The personal consequences of the case have been substantial. Keith and Sherri’s marriage was dissolved in May 2023, the same day Keith filed for full custody of their two children.

Sherri is allowed monthly one-hour visits with her kids, supervised by a judge-appointed agency. As of January 2026, a child custody trial was still ongoing in which Sherri was seeking increased visitation and reunification with one of their children.

During a supervised visit with her children in early 2024, Papini told them she had pivoted toward a new career. “Mommy is an author now. She’s writing two books. I work lots of hours to write chapter books. So when I tell you I’m working remotely, that means I’m at home writing chapters on my laptop,” she said during the monitored session.

She remains on supervised release. The Netflix film begins the story over again for anyone who missed it the first time.

Why The Case Still Has People Talking

The Sherri Papini case has generated a Lifetime film, a Netflix streaming deal, a Hulu documentary in 2024 called Perfect Wife: The Mysterious Disappearance of Sherri Papini featuring Keith Papini’s perspective, the Investigation Discovery docuseries in 2025 and now a fresh wave of national attention as Netflix introduces the story to its global subscriber base.

The case sits at the intersection of several cultural conversations that have not gone away.

The way Papini’s fabricated account relied on racial stereotypes about Hispanic women remains one of the most discussed elements, the deliberate construction of a false narrative that used existing biases as a tool.

The question of what combination of factors could lead a young mother with two children to stage her own kidnapping, collect victim compensation funds for years and maintain the lie through multiple FBI interviews continues to generate genuine psychological and sociological interest.

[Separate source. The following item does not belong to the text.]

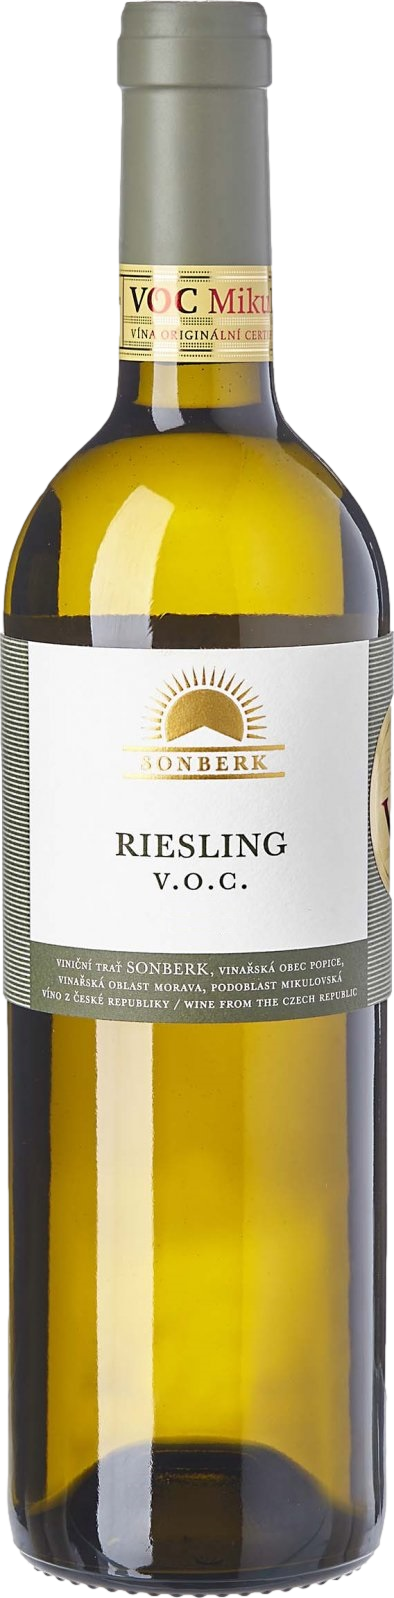 Sonberk Riesling 2020 8594186130979

The 2025 docuseries recantation added another layer, a convicted woman who pleaded guilty now saying the kidnapping was real, in a format that gives her a sympathetic platform to present a version of events that contradicts the court record she agreed to.

The Netflix film presents the case as it was established in court, a staged hoax, uncovered through DNA evidence, that wasted enormous law enforcement resources and caused specific harm to the Latino community through the racial stereotypes deployed in its construction.

Hoax: The Kidnapping of Sherri Papini is now streaming on Netflix. It premiered May 15, 2026.